You can't just flip the tie rod ends. The knuckles have to be moddified to flip the tie rods because of the taper of the outer tie rod end. I'd rather just c-notch a spot for the tie rod end and c-notch a spot for the axles. 
It doesn't sould like anyone has done this on a MK2 yet...so I guess I'll be the first.


----------



## From 2 to 5 (Feb 28, 2008)

*Re: (2lowcoupedoor)*


_Quote, originally posted by *2lowcoupedoor* »_You can't just flip the tie rod ends. The knuckles have to be moddified to flip the tie rods because of the taper of the outer tie rod end. I'd rather just c-notch a spot for the tie rod end and c-notch a spot for the axles. 
It doesn't sould like anyone has done this on a MK2 yet...so I guess I'll be the first. 

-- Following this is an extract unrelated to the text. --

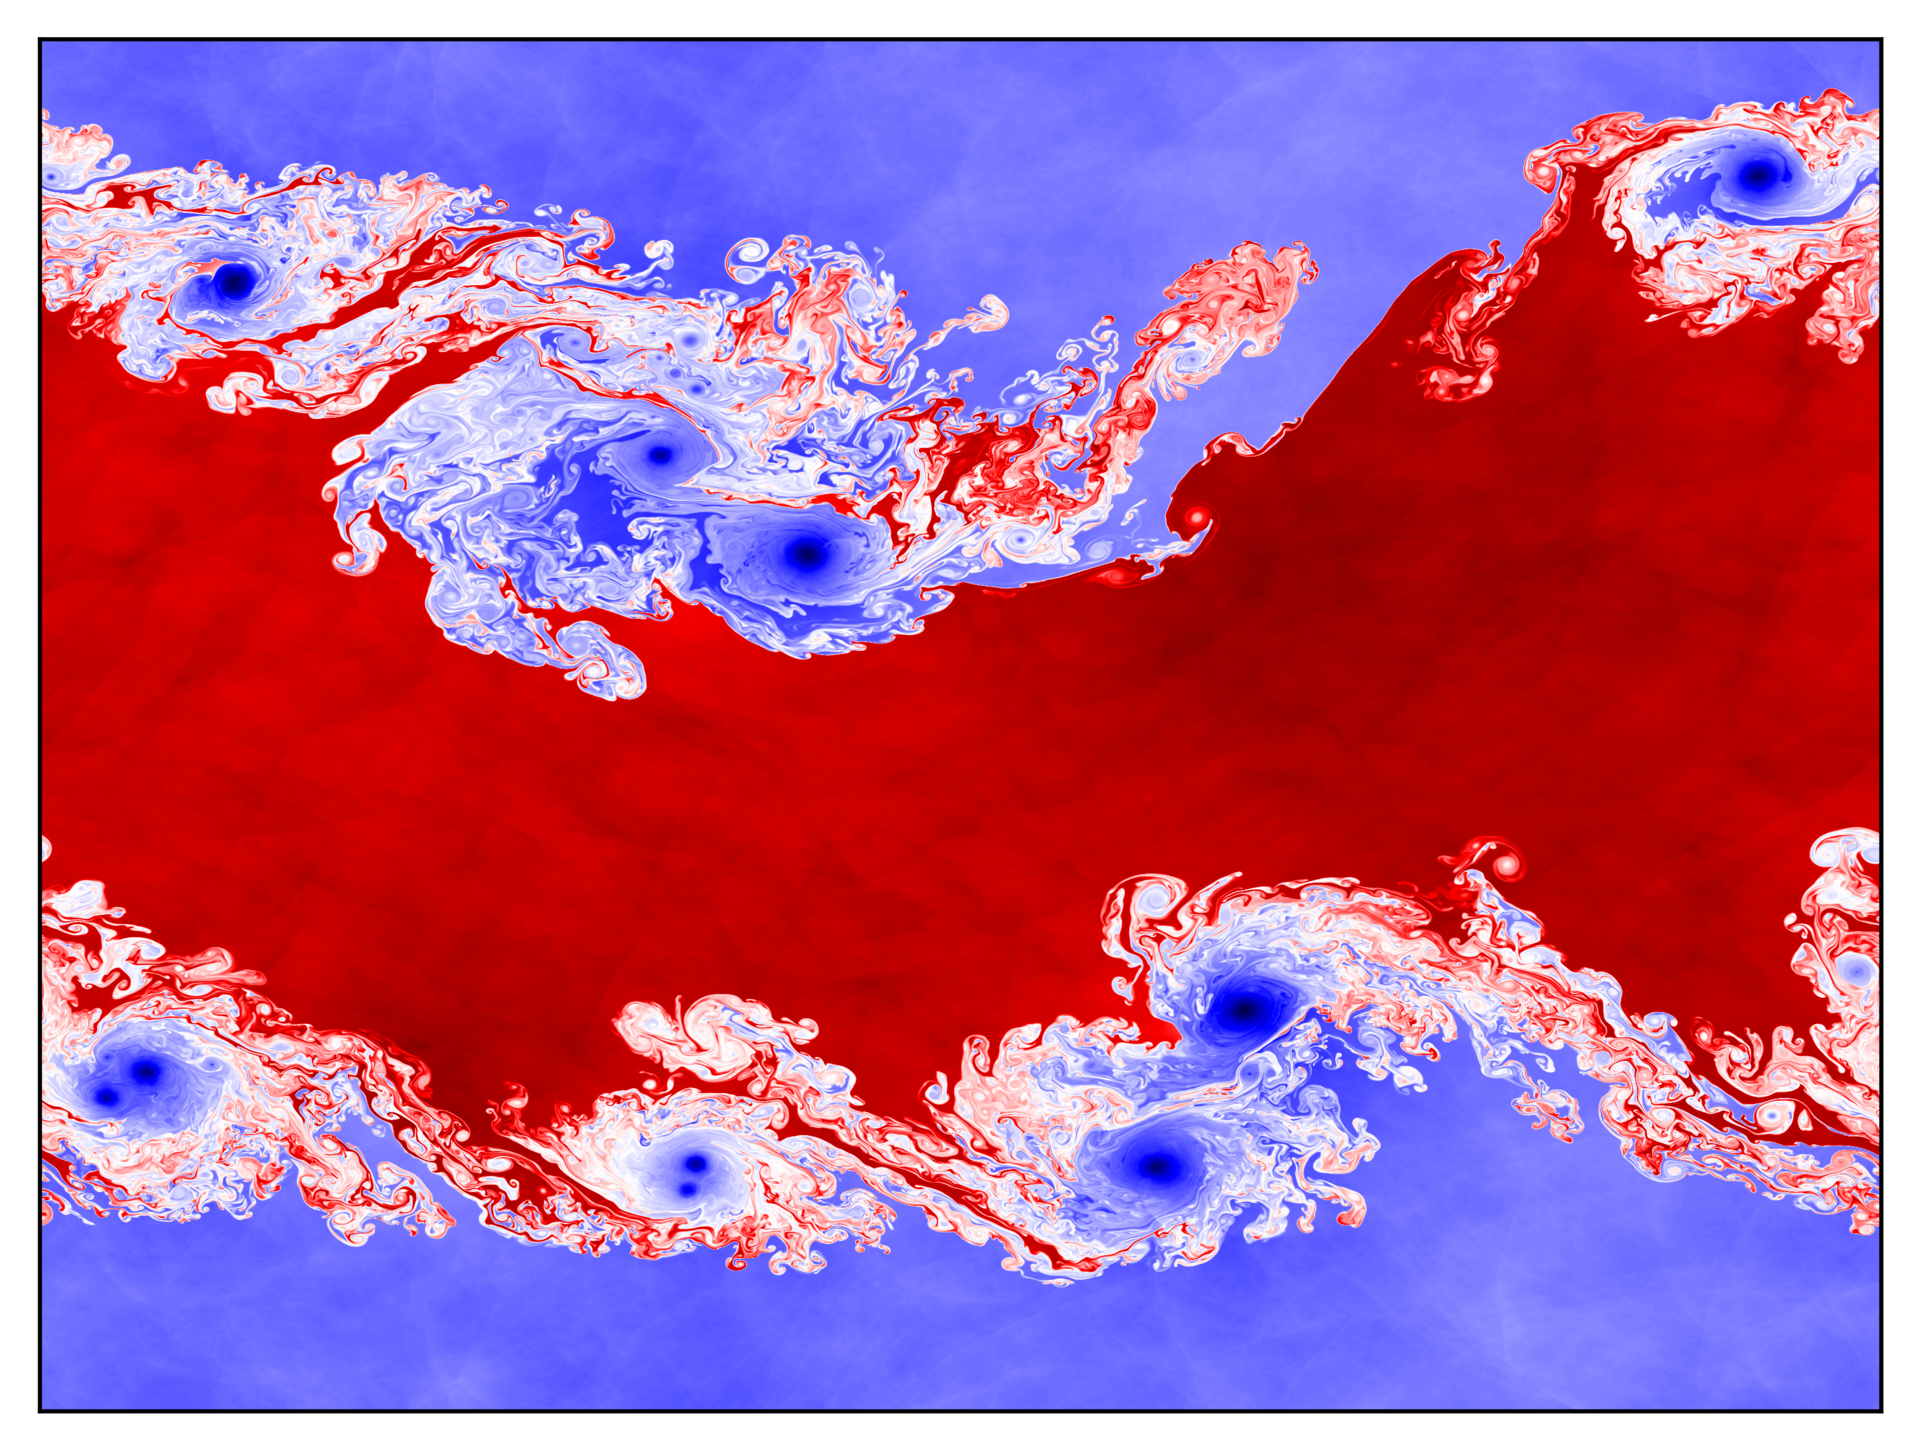 Simulation of turbulent gas flow. (Generated by Kjetil O. Lye.)
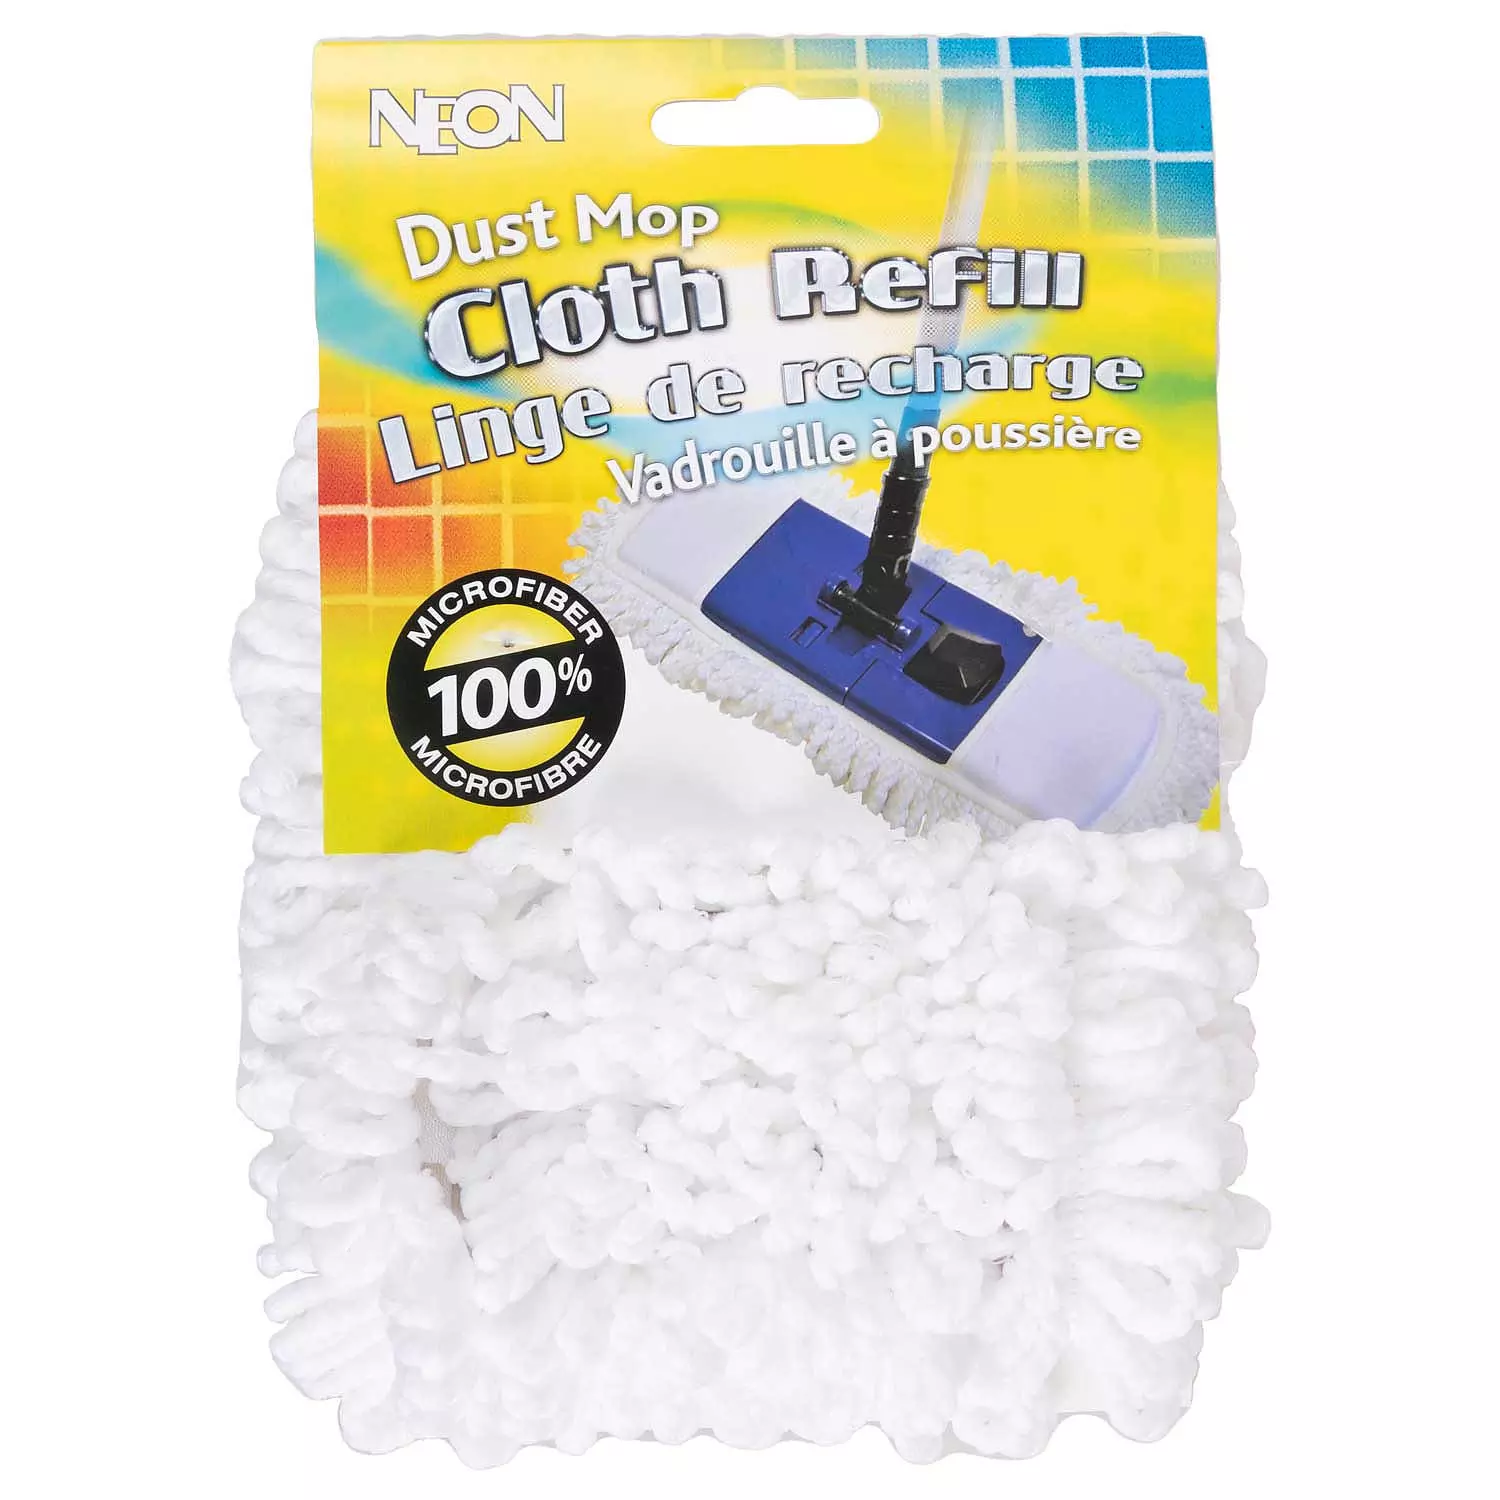 Dust mop cloth refill

1000000000% positive you are not the first lowlifemike did it YEARs ago.


----------



## supersoaker50 (Aug 4, 2005)

*Re: (From 2 to 5)*

yea ive seen a few mk2's notched in the front AND rear...
xpalendocious did it on his mk2 when he went rwd... http://****************.com/smile/emthup.gif


----------



## 2lowcoupedoor (Mar 12, 2003)

*Re: (schnell_8v)*

Well I'm headed out to my shop today to do the c-notch. I'll post some pics.


----------



## 2lowcoupedoor (Mar 12, 2003)

*Re: (2lowcoupedoor)*

Well the c-notch is done. Here are the pics I took.
Step 1:
Air all the bags out and mark with chalk where you have to notch.








Step 2:
The frame right above where the inner tie rods bottomed out has a pinch weld. I was origionally going to do a separate c-notch for the tie rod ends but I ended up not doing it. Simply cut the pinch weld off and gain at least 1 inch of room...not c-notch or extra reinforcement needed! It's kind of hard to see it but in the first picture where I was marking you can see how the frame goes up and then flat....in the second picture the frame just continues up. Worked out great.








Step 3:
Mark where you want you axle c-notch to be.








Step 4:
The point of no return.....Start cutting!! I was origionally going to do a bigger c-notch but decided to go with a smaller one (which is plenty big) because of the way the uni-body is set up. You can see in the pictures that once we started cutting we noticed that the frame is actually inside of the part which we needed clearance from. I didn't need to cut the actuall frame.
























Step 5:
Cut your metal tube to fit the notch.








Step6:
Start welding (Thanks Mr. Brock Jones!)
















Step 7:
paint








I did not have to notch the passenger side axle because of the different diameter of the axle but did have to notch where the tie rod end hit the same as the passenger side. I gained at least another 3/4" lower in the front by doing all the notching. now the front bumper can sit on the ground! Any questions IM me.


----------



## jtsolinsky (Aug 22, 2007)

nice .. looks real clean. good job and glad it worked out for you


----------



## EDM_v-dub (Mar 16, 2003)

Any pictures of it in action now?


----------



## 98DUB (Feb 21, 2003)

*Re: (EDM_v-dub)*


_Quote, originally posted by *EDM_v-dub* »_Any pictures of it in action now?


----------



## EuroGruppe (Aug 10, 2005)

*Re: (EDM_v-dub)*


_Quote, originally posted by *EDM_v-dub* »_Any pictures of it in action now?

x3


----------



## 2lowcoupedoor (Mar 12, 2003)

*Re: (EuroGruppe)*

Not yet, I'll post em when I take some.


----------



## 2lowcoupedoor (Mar 12, 2003)

*Re: (2lowcoupedoor)*

Here is some pics a local dude took from a GTG the other day. Enjoy!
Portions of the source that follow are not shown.